Sunday, March 26, 2006

Aitäh, Lennart! Ja huvasti.


In Estonian, this means Farewell, Lennart, and Thank You.

This was the day of the state funeral in Tallinn of former Estonian president Lennart Meri.

In a beutiful Nordic weather, Estonia took farwell of its greatest son in modern times.

Together with the President of Finland Tarja Halonen I was honoured to be asked to speak at the farewell ceremony outside the presidential palace.

Unlike Tarja Halonen, who spoke in Estonians, I spoke in English, not only because of the fact that for me there were few other options, but also because I spoke on behalf of many friends across the world.

Here are my remarks at the national farewell ceremony today:

Your Excellencies, Dear Friends,

The re-establishment of the Republic of Estonia after your nations decades of darkness, and its emergence as one of the most vital and dynamic nations of our new Europe, will forever be associated with the ideas, the work and the personality of Lennart Meri.

He was a man out of history who also made and shaped history.

His personal journey – the deportation, the long years when very little was possible, his deep roots in the cultures of Europe – made him uniquely qualified to give the nation of Estonia its moral voice in the world as it again could sign the songs of freedom, of independence and of democracy.

Many of us became his friends during the dramatic years when he served as foreign minister, first of a state that did not exist, and then of a nation that had been born again.

His were seldom the words of classical diplomacy.
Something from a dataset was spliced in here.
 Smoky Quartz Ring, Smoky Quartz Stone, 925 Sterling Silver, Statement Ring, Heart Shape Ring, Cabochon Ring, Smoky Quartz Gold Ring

He was hardly a man primarily of protocol. But he knew better than us all the broad lines of history, the true nature of the changes we were living through and the immense force of standing for what was right.

And these were dramatic years. An old order was coming to its end, although it was by no means self-evident how, and a new order was starting to emerge, although its contours then were not always easy to see.
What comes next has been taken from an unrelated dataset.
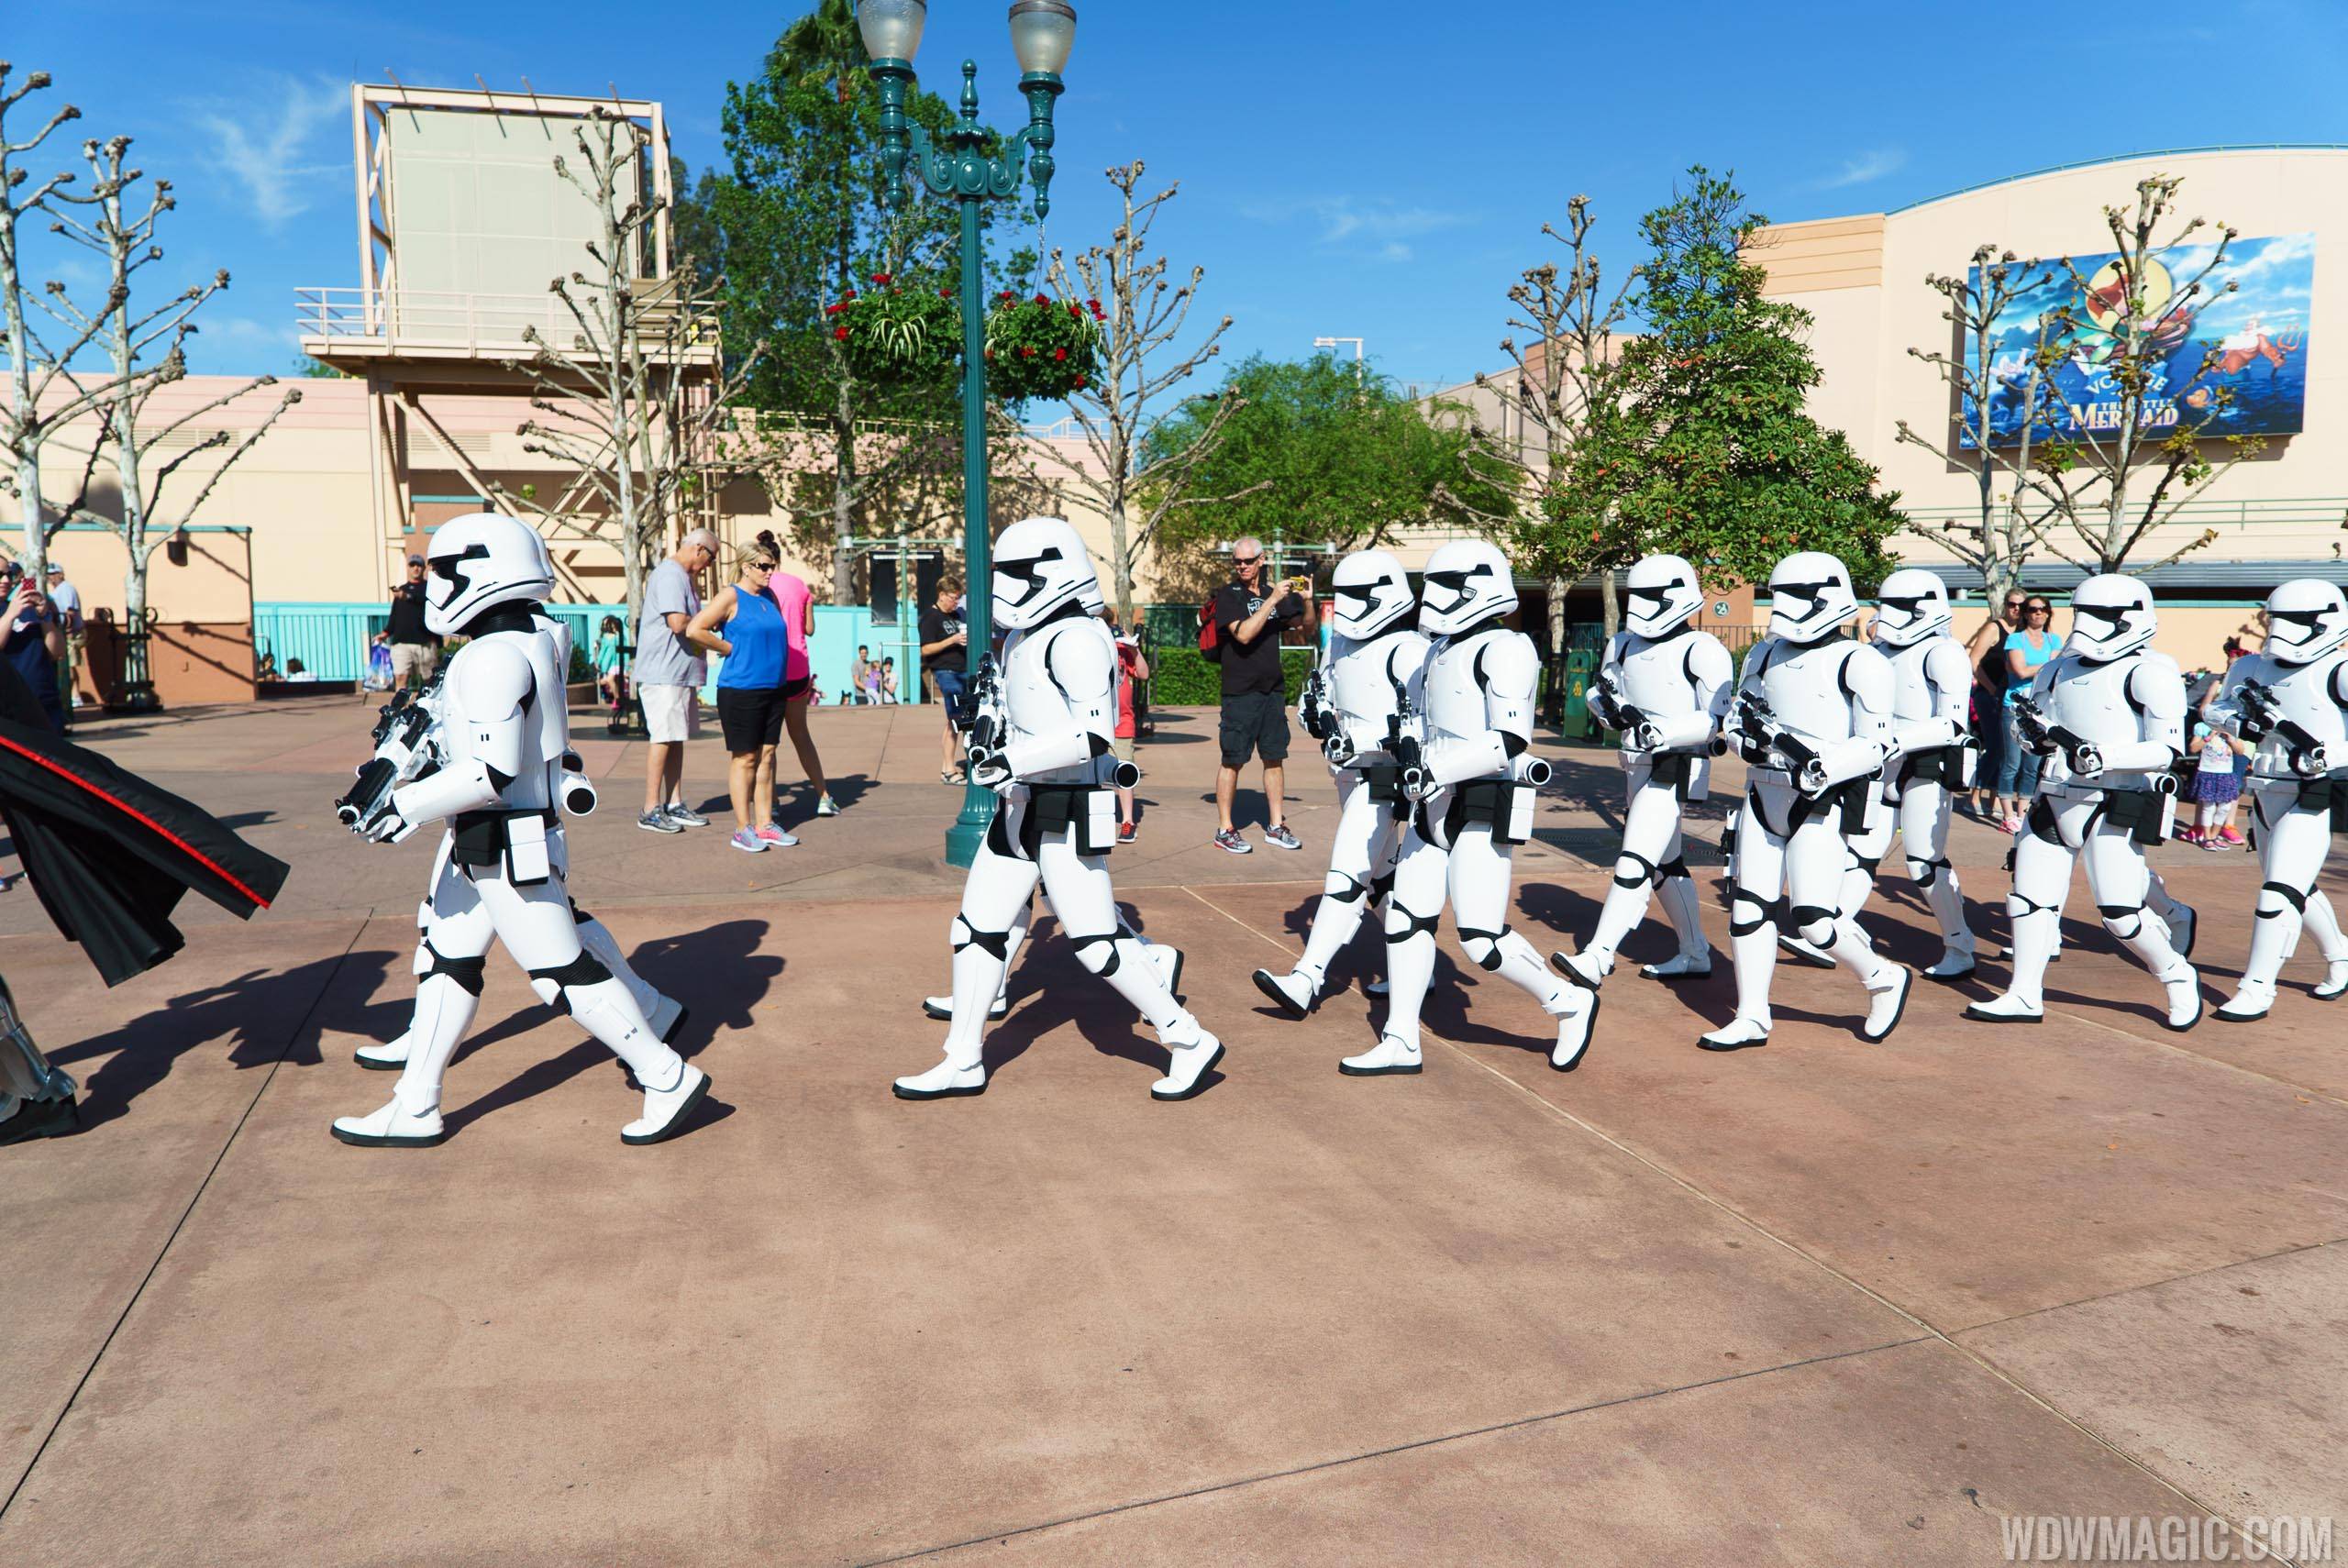 Star Wars Captain Phasma Stormtrooper March

Lennart Meri gave voice, strength and stability to your nation as§you came out in the light again. He was among those that set you on a direction which today is increasingly making you a model of success far beyond these Baltic lands.
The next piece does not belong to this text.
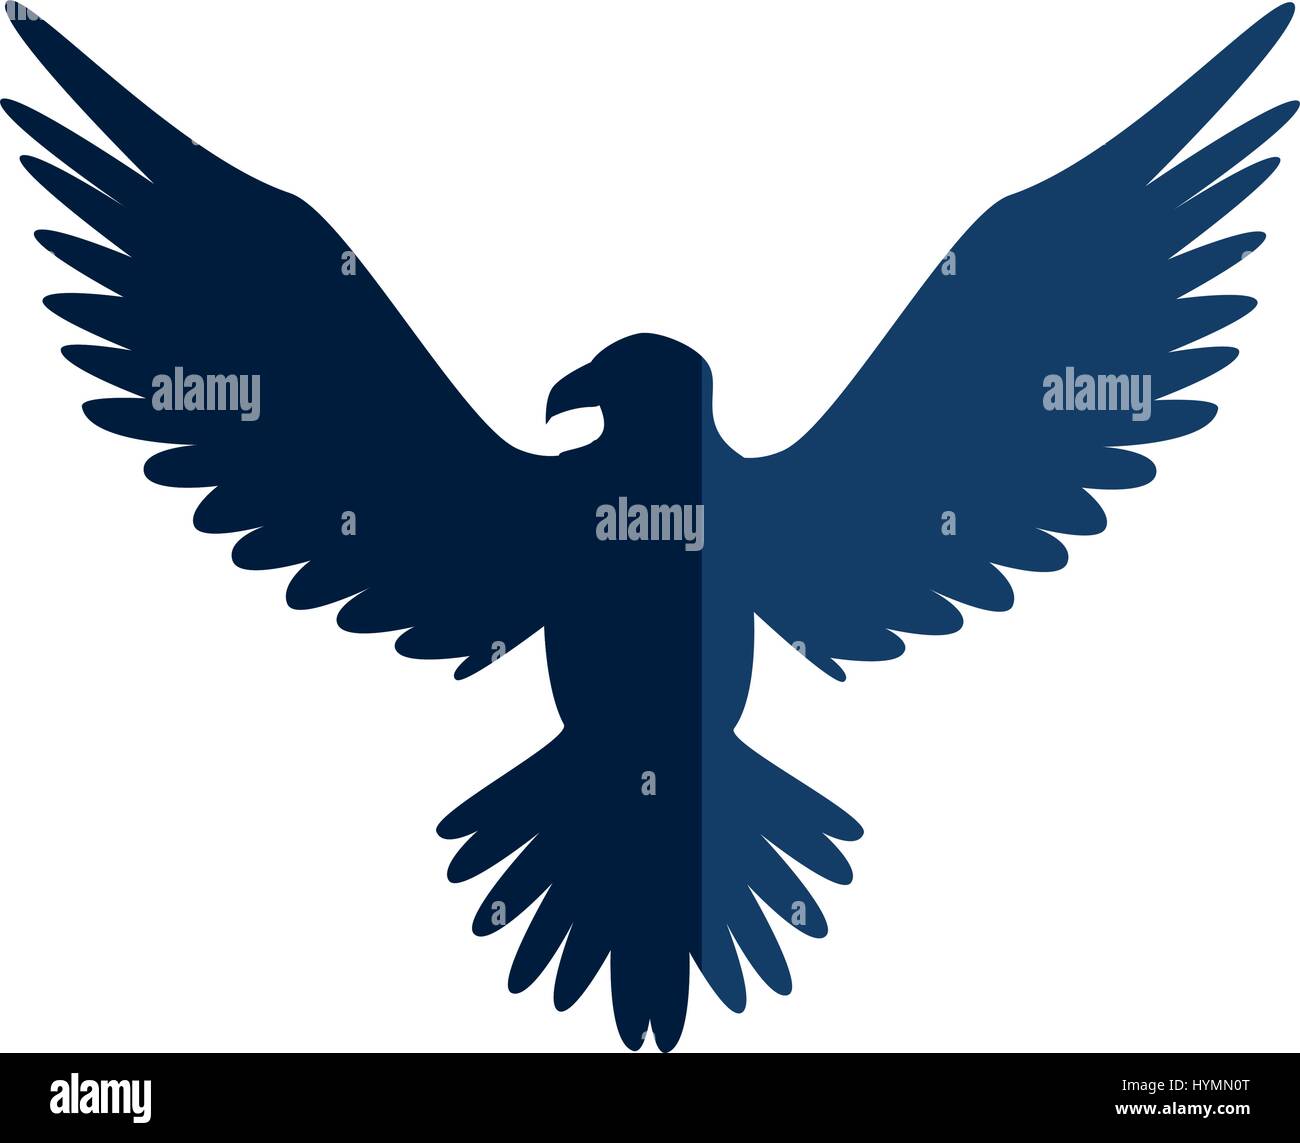 Eagle american symbol illustration Stock Vector Images - Alamy

For many of us outside Estonia he was already your President before he was elected as such. And for many I’m convinced he remained that until the very last of his days. He was the foremost of Estonians in our time.

He was the foremost of Estonians and among the foremost of Europeans. He knew only too well that the fate of a small nation is always linked to what happens well beyond its immediate boundaries.

For him, Europe wasn’t only the richness of its diverse cultural heritage, within which his Estonia had its proud place.

For him – in this time of ours - it was also the imperative of building of freedom and democracy and security together, with firm bonds also stretching across the wide Atlantic Ocean and – let that not be forgotten – reaching out to the Russia whose culture he cherished so deeply.

We many, individuals from many nations, who were honoured to be among his friends, will always remember his days.

We shared moments of immense joy as freedom started to break forward, of deep concern when there were dangers of it all being turned back, of true determination when challenges had to be confronted and deep sorrow when deep tragedy struck our two nations of Estonia and Sweden.

In every situation, the voice of Lennart Meri was always the voice of moral clarity, of historical conviction and of a deep commitment to his Estonia and his Europe.

His voice is no longer. But his words and his deeds will be with Estonia and with us for ever.